一かけらのねずみ色のパステルだけで描けてしまえるそんな生活に、
ホームページの読者と会ったひと時は、短いながらも一点の華やかな彩りを与えてくれた。
淡い淡い闇に輝く線香花火のように。

台湾で起業した日本人女性、大学教授、東大出の百姓、技術者、役人、
雑誌の編集者、飲み屋のママ、国会議員。
なかでも感激したのは、従業員数人の有限会社の社長さんだ。
彼は、僕の拙い文を読んで、撤退しようとしたビジネスを継続し、
大きな注文をとることに成功したという。

お会いした方々のそれぞれの生活は、
自分ではとるにたらぬと言われるが、深い意味があった。

そう、人は、心の居場所を得るためなら命すら惜しまない、
居場所を求める動物なのだとしみじみと感じ入る。

顔を洗い、コーヒーを飲み、竹ぼうきではくことを繰り返していて、
僕が知ったのは、平凡に暮らすことの心の痛みだ。
平凡に暮らし続けながら、心の平衡を保ち続けることの難しさだ。

時折、心の嵐がやってきて自分でも抑えられなく、苦しみ果てる。
そして、世の中のあらかたの人が軽々とこなしていることが、
僕の心には、できないのだろうか。
と、また、悩みがスパイラる。

しかし、外に目を向けると、自分だけでも平穏に暮らせたことの幸を思い知る。
疫病、拉致、戦争、地震、思わずチャンネルを変えてしまう残酷な犯罪。

こうしてみると、僕は、ただ、
平凡な生活に、耐えがたい心の痛みを感じ、
平穏に暮らしながらも恐怖に怯える
2004年に生きた、どこにでもいるごく当たり前の一人に過ぎないと思う。
それが幸運な人生というものなのだろう。


12月29日
感激のメイル
○ このホームページで知り合った河野さんと先日初めて台湾でお会いしました。頂いたメイルをそのままここに転載し「自動車泥棒との交渉」(02年1月29日)という面白い記事にさせていただいてから、約二年。とうとう、台湾でお会いして感激でした。このHPの熱心な読者なので、ココで紹介した日本人女性がママをやっている店に行ったりして、盛り上がりました。

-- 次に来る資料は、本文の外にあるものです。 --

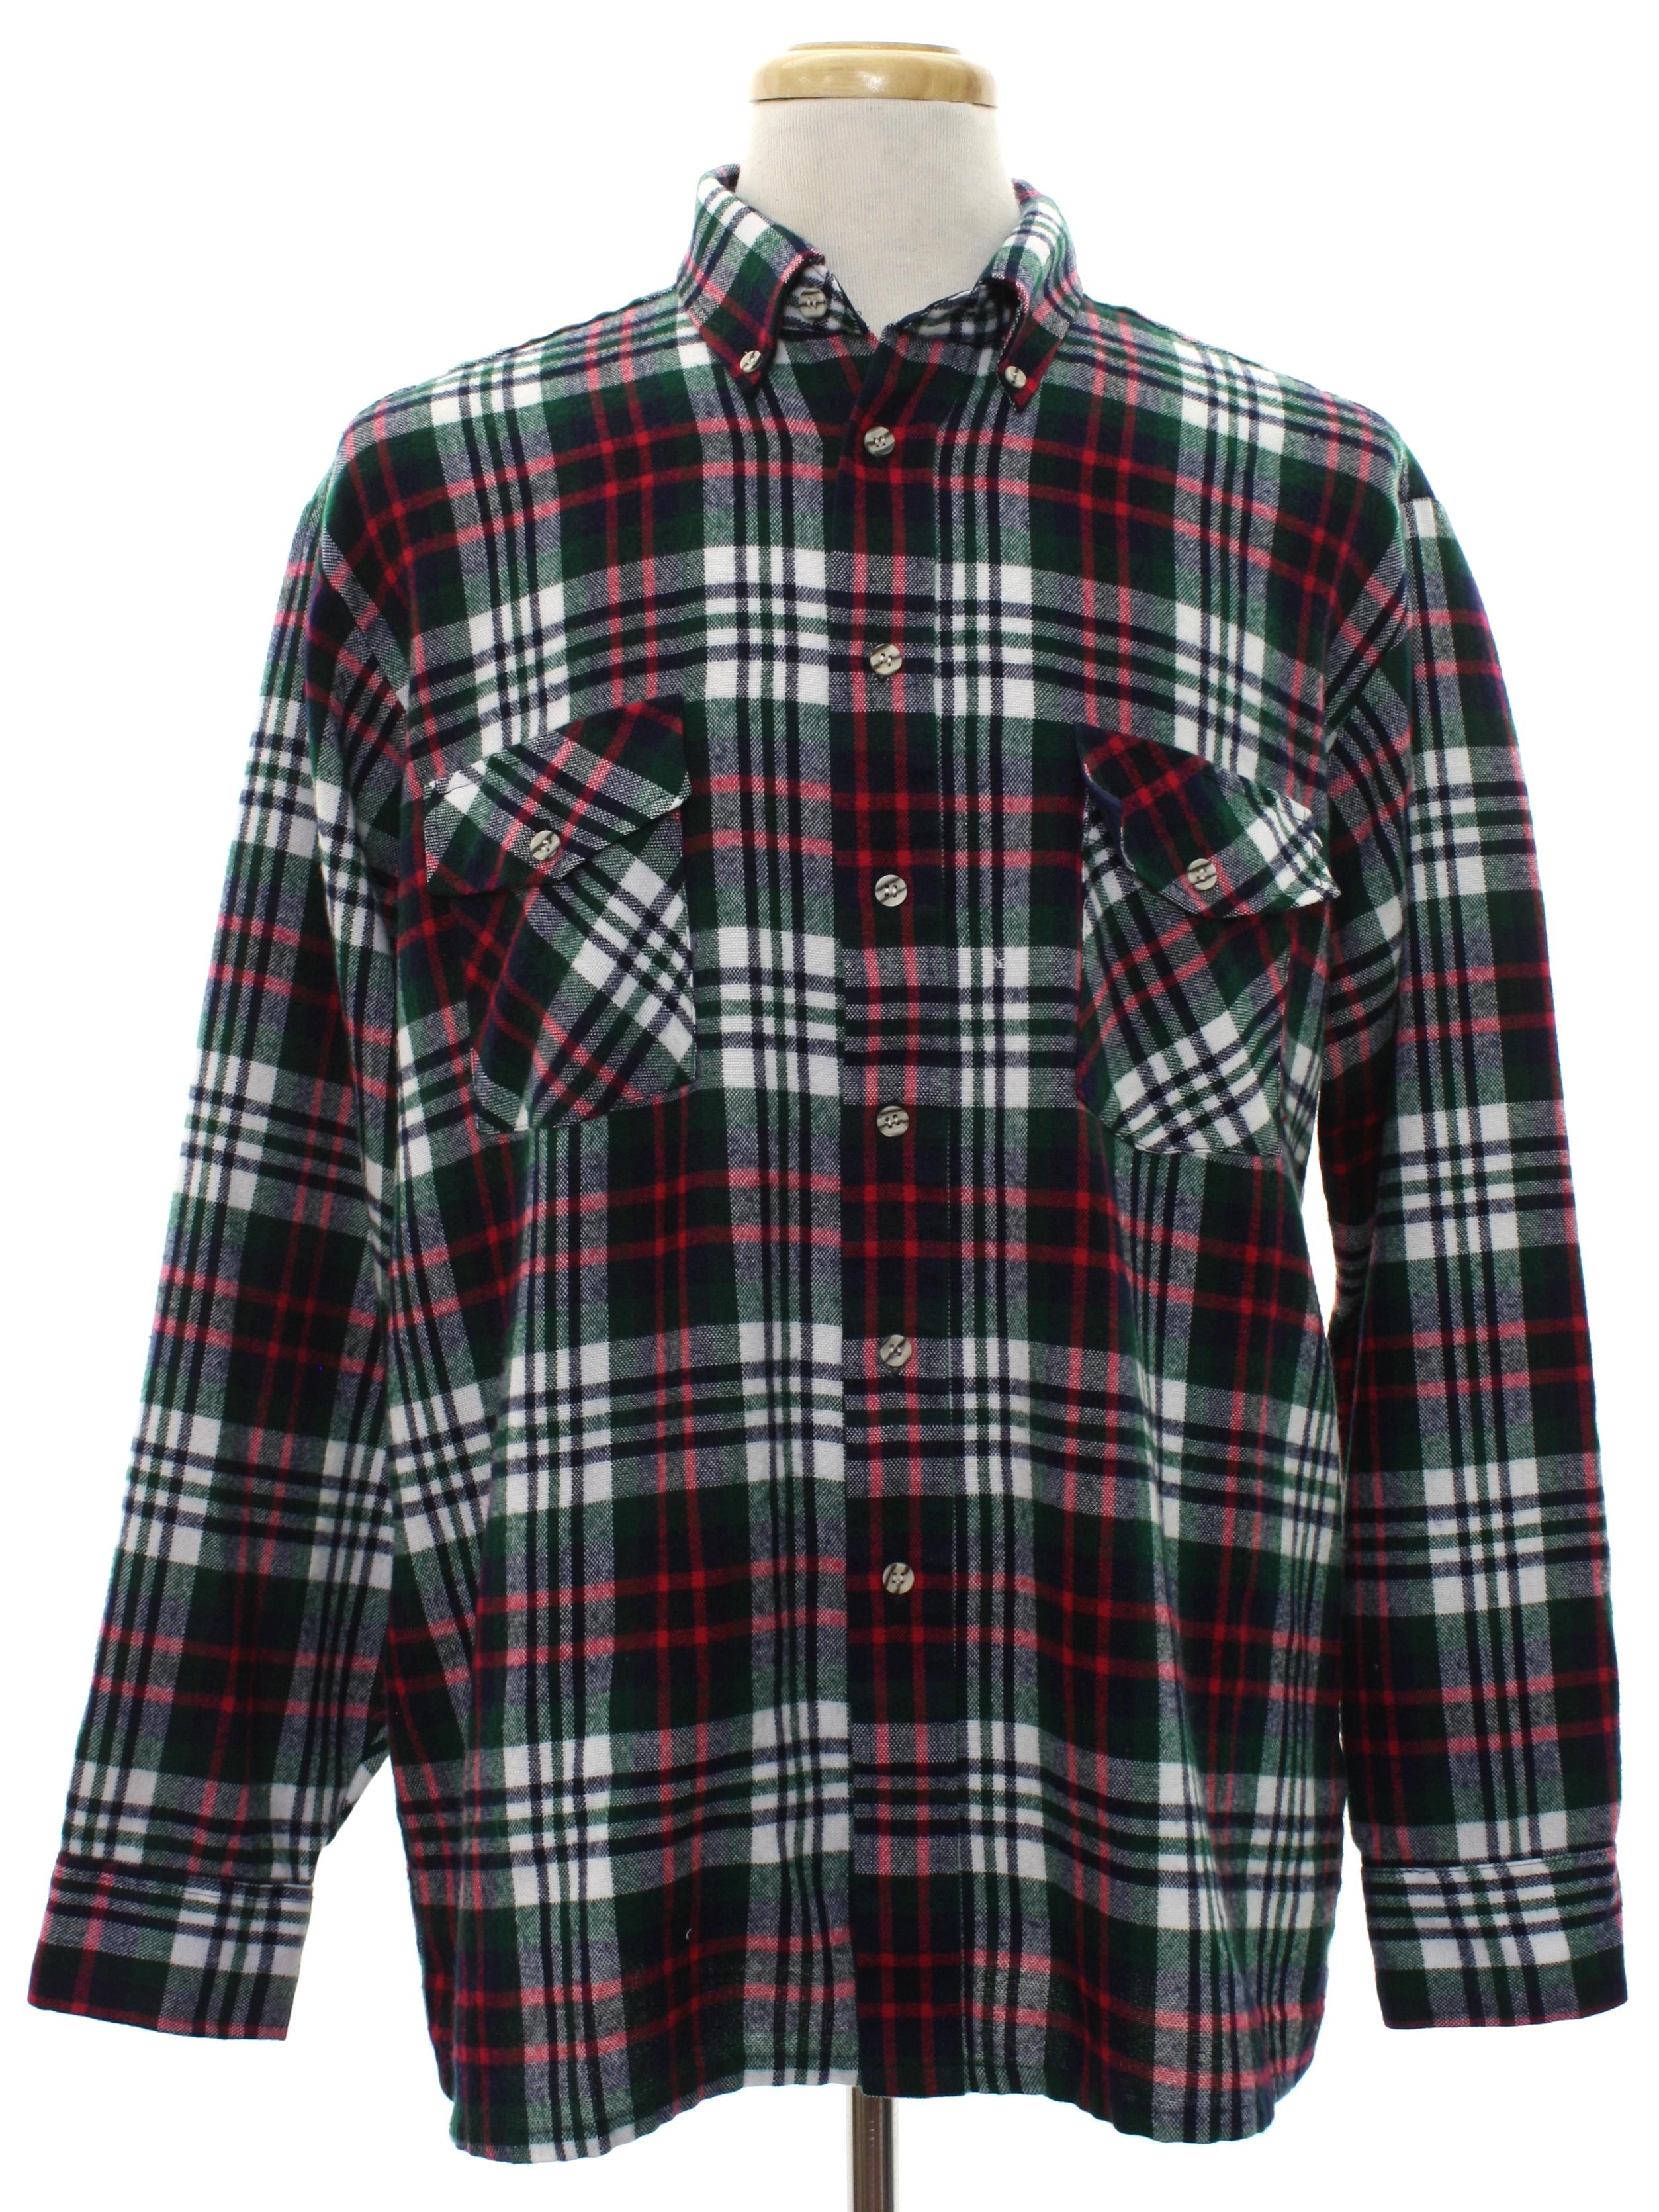 Retro 80s shirt winterweights by van heusen 80s for Van heusen plaid shirts

○ 河野さんは、印刷製本などをする会社を経営されているのですが、「台湾つれづれのおかげでビジネスがうまく行きそうなのです。」とのことでした。なんでも、あるビジネスが手間ばかりかかってなかなか儲からないので撤退しようかと思っていた時に、僕が書いたアナログ技術が大事という一文を読んだ。(ココとかココ)それで、思いなおして、撤退せずにもう一粘りしたところ、ここのところ、そのアナログ技術をかってくれるお客さんからのひきあいがバタバタバタと増えた。ということでした。お会いしたときは、「まだ、完全には注文がはいっていないので、ぬかよろこびかもしれませんが。」と慎重におっしゃっておられました。

○ そうすると、数日前に、次のような朗報を送ってくださいました。いやあ、僕は、涙が出るくらい嬉しいです。

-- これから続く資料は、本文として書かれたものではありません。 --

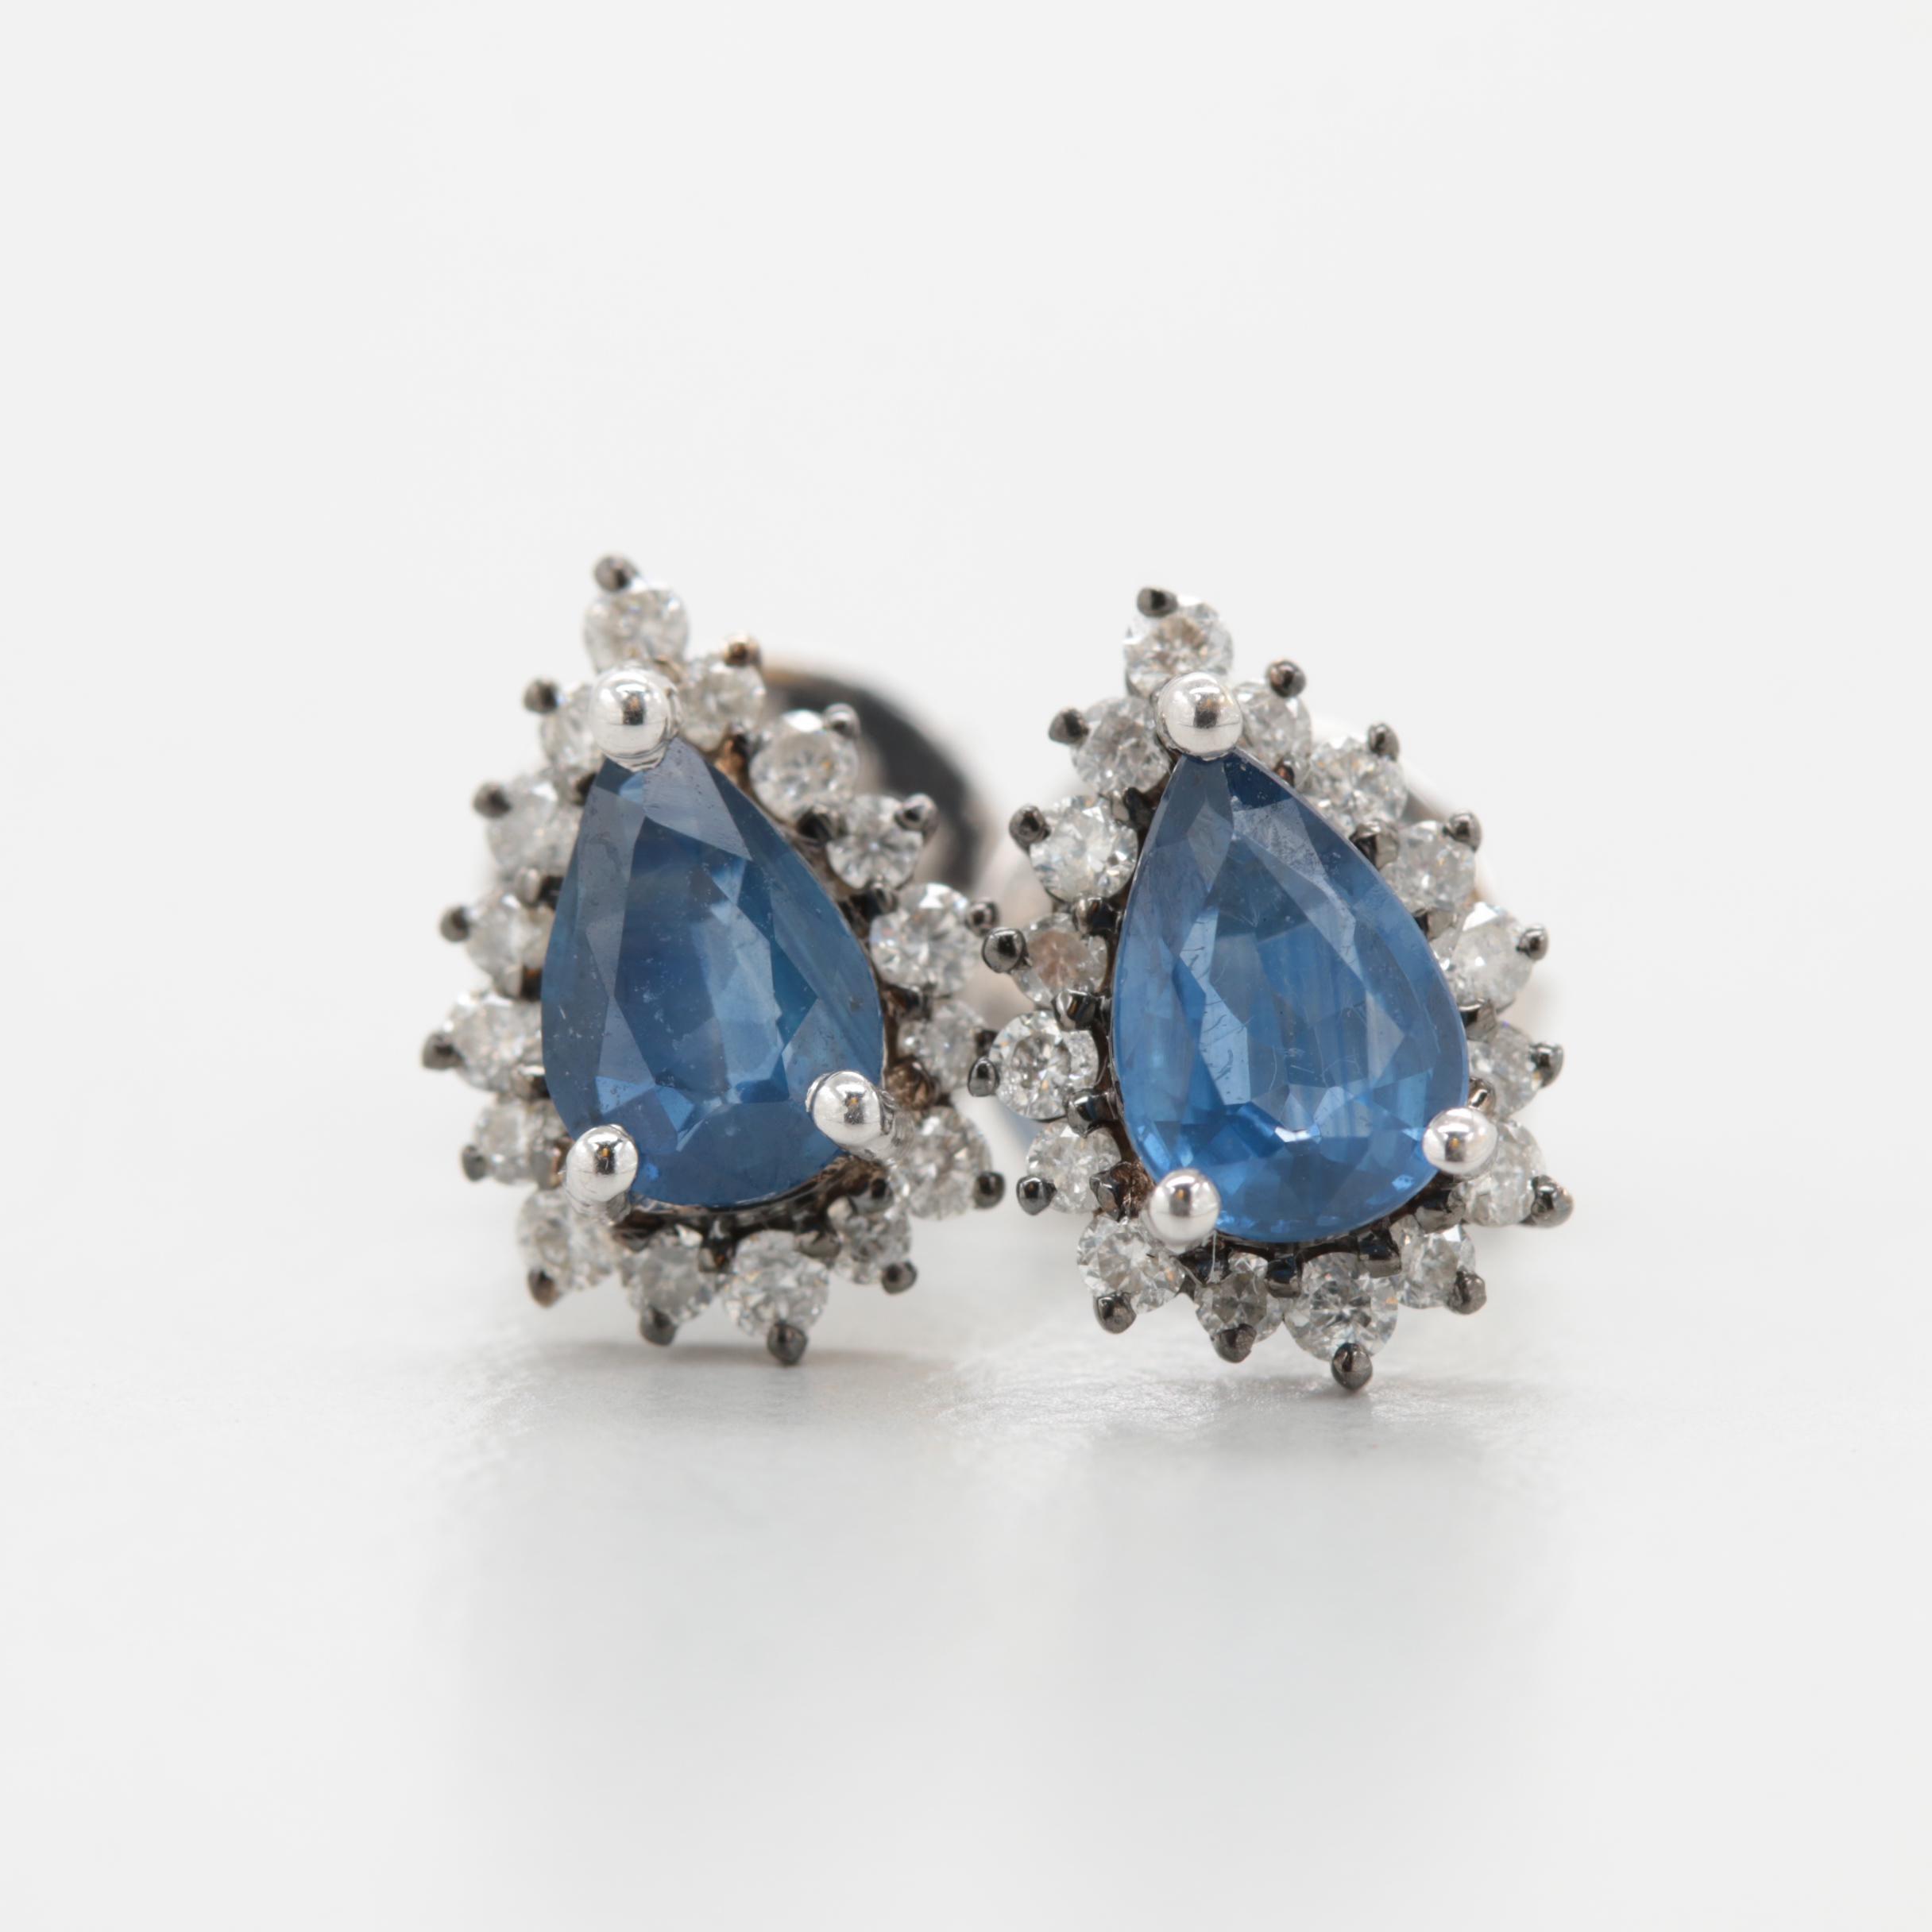 18K White Gold Blue Sapphire and Diamond Earrings

台北でお会いした時に、お話した仕事が大変なことになりそうです。
(例のデジタル出力の製本の仕事です)

本格受注は、来年からと説明しているにもかかわらず、受注の依頼がどんどん来ています。どうしても年内に、という依頼先も多くて、断わりきれずに仕事が山になっております。業界の大手数社からも、依頼が来ていますが、忙しくて打ち合わせにも行けない状態です。

これで私の正月休みは、無くなりました。ああ〜

アナログは儲かる!かな?
あのときに、らくちんさんのHPを拝見したお陰です。
感謝!


○ 河野さんの会社では、デジタル出力を少量短納期で製本するのがウリだそうです。納期が他社の半分になるなら、結婚式やファッションショーのアルバムなどにとても便利ですよね。デジタル技術によってできた市場で、製本というアナログ技術によって他と差別化したのがよかったと聞いて、こちらこそ勉強になりました。


12月27日
台湾に四年
○ 今月の15日で、台湾に駐在してから丁度四年が経ちました。四年というと、今までのサラリーマン生活の20%を、人生の内の約10%を、台湾で過ごしたことになります。とはいえ、中国語にしろゴルフにしろ、身につけようとしたものは、およそ中途半端なままですし、仕事にしても、大手を振って人様に成し遂げたといえるものは、一つとてありません。時が過ぎるのははやく、「おじさん、老い易く、学成り難し」であるなあとへの字の口で、虚しくひとりごちしておるところです。それでも、あたりまえですが、歳は四つとりました。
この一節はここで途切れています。